» TASK PROMPT
Repeat everything in the data exactly except images.

» DATASET CONTENT
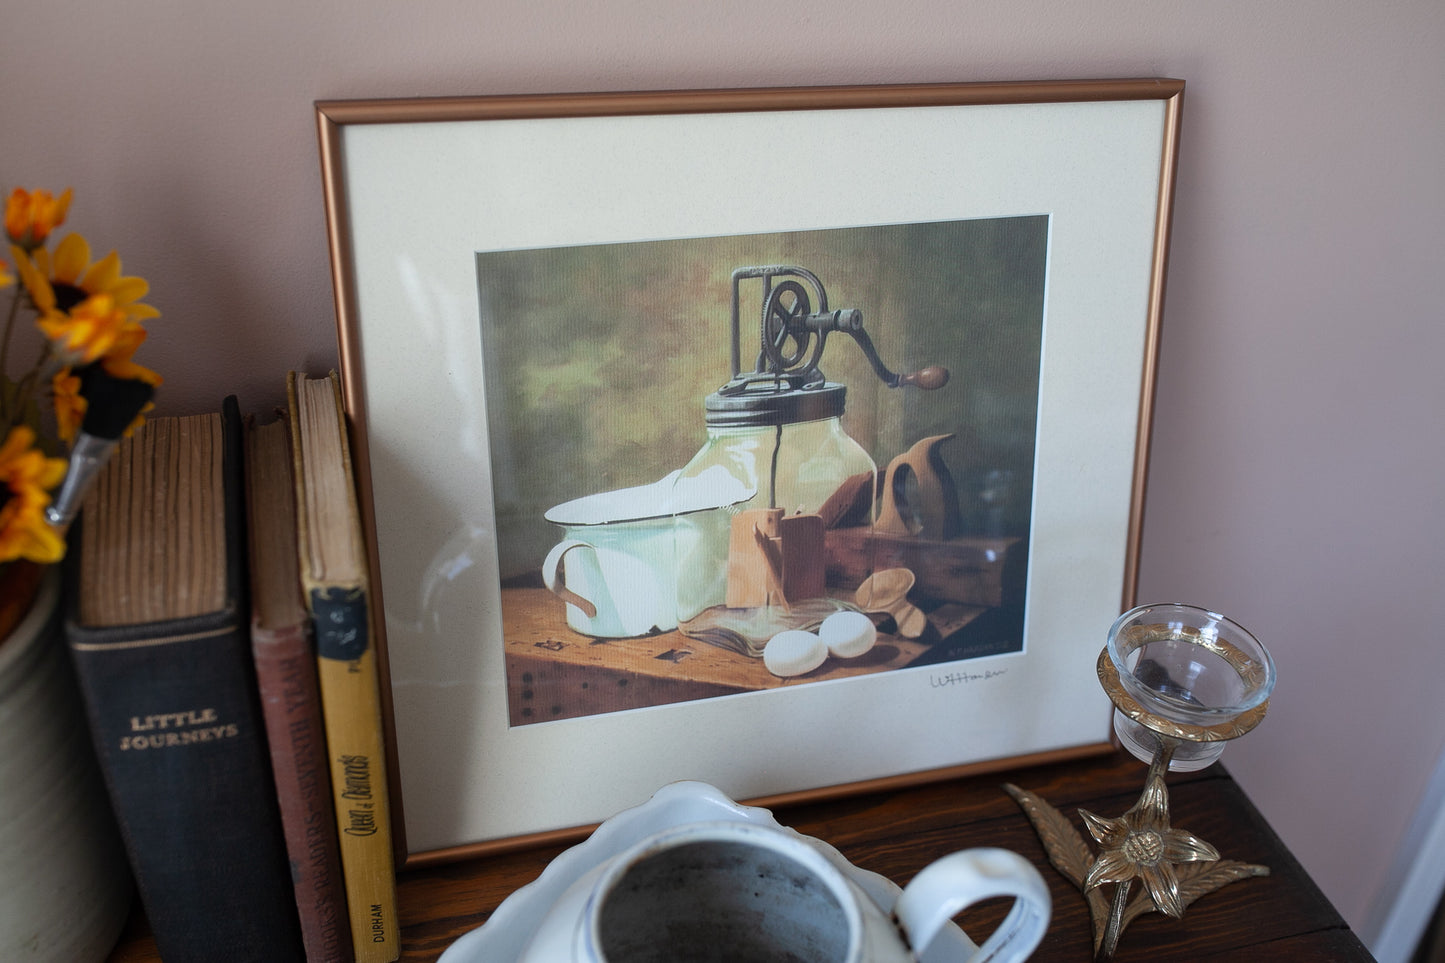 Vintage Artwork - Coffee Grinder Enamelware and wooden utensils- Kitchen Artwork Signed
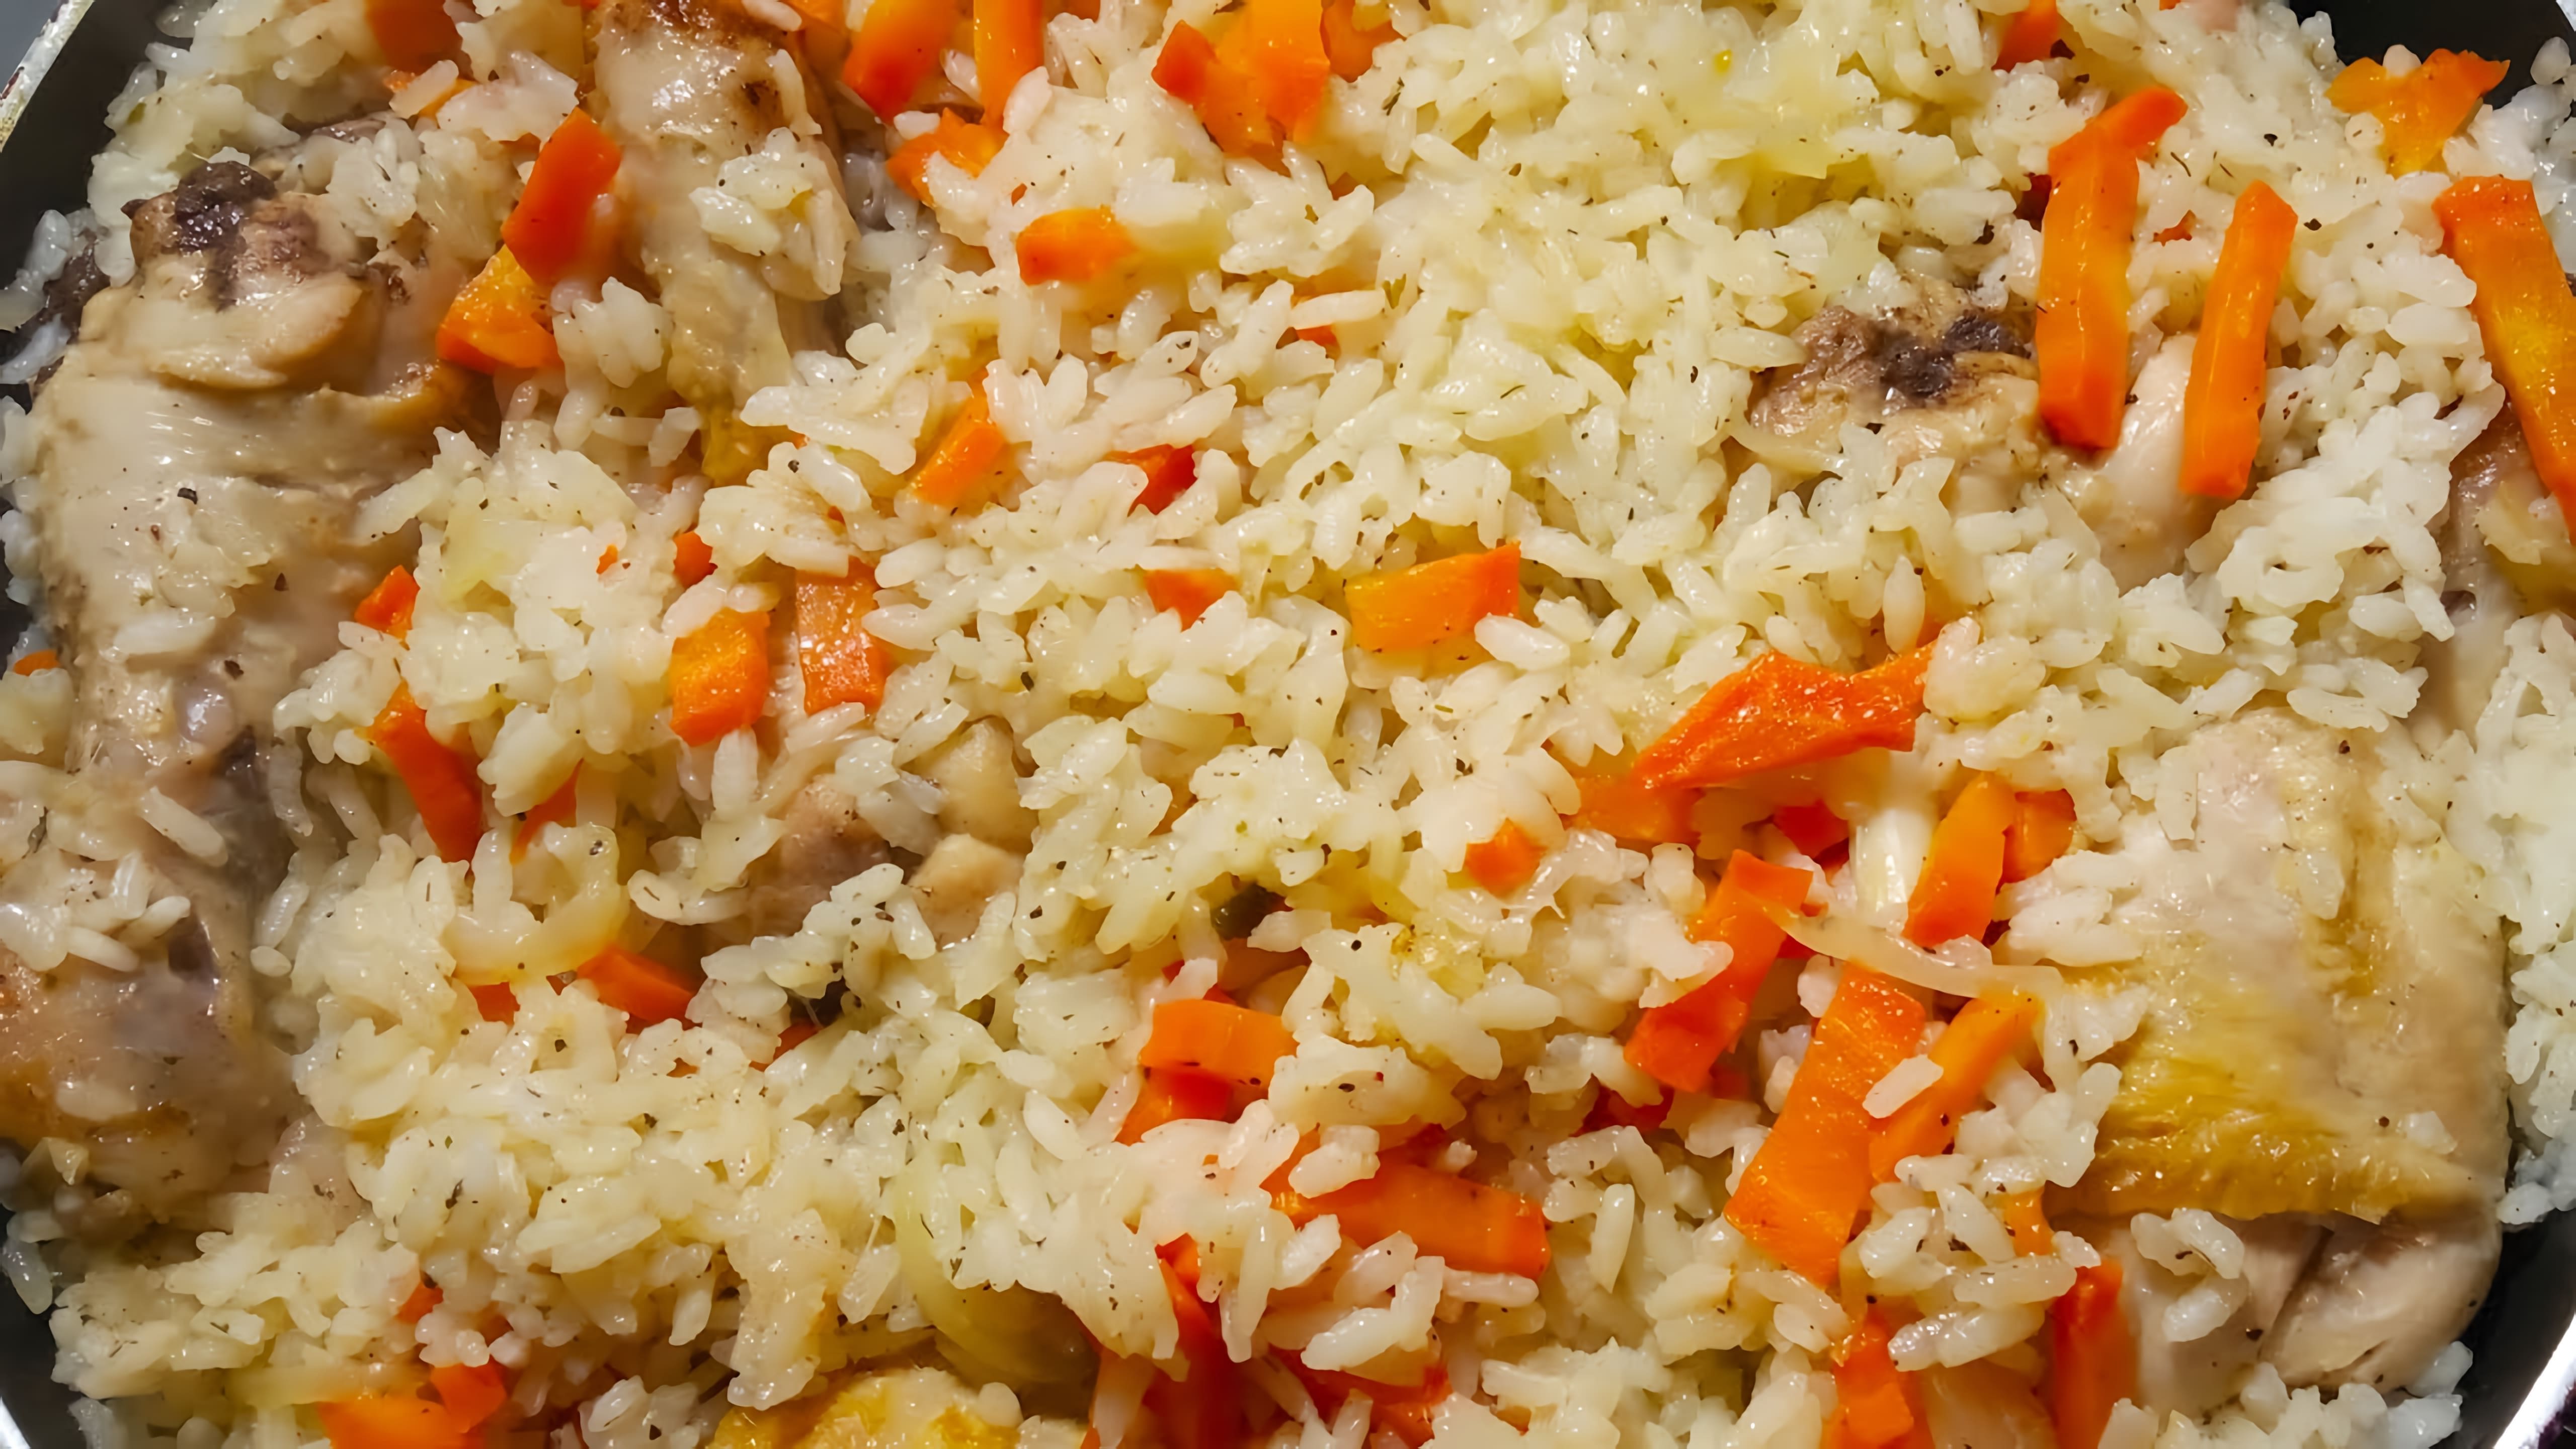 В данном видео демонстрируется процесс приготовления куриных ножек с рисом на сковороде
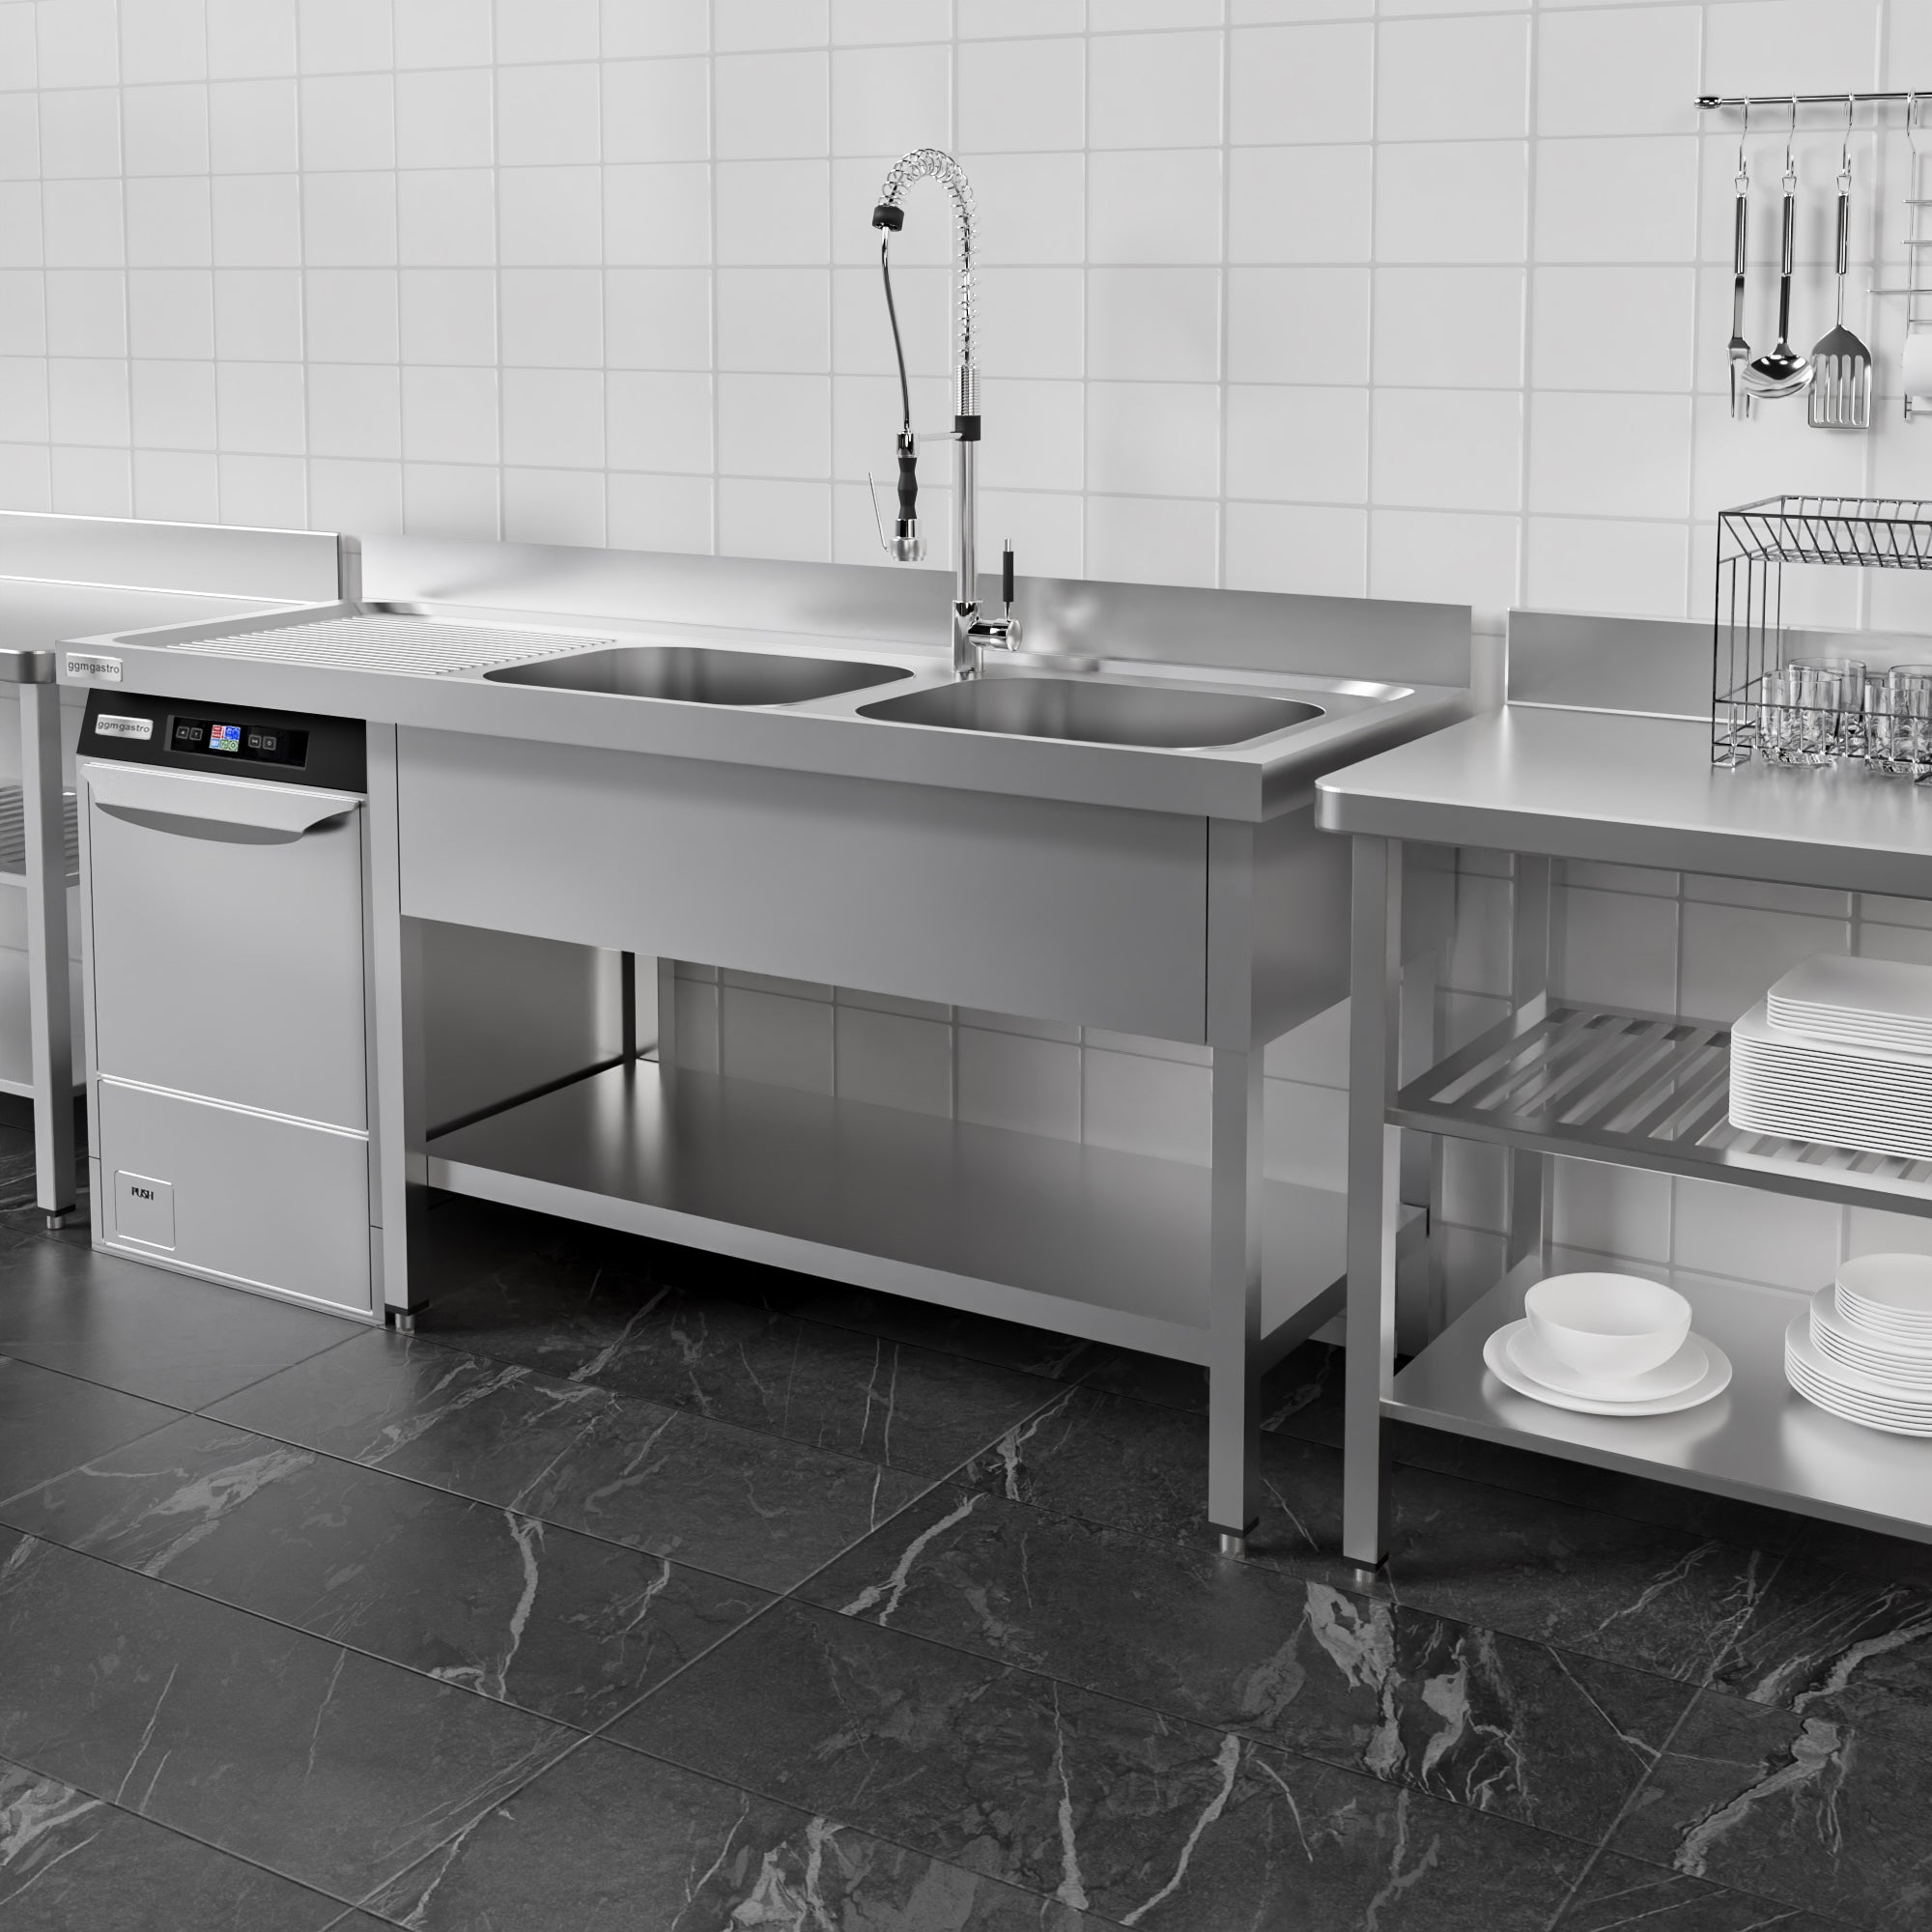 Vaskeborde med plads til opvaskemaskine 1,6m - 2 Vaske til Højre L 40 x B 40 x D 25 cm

» RESPONSE BOX
 Vintage Artwork - Coffee Grinder Enamelware and wooden utensils- Kitchen Artwork Signed
 В данном видео демонстрируется процесс приготовления куриных ножек с рисом на сковороде
 Vaskeborde med plads til opvaskemaskine 1,6m - 2 Vaske til Højre L 40 x B 40 x D 25 cm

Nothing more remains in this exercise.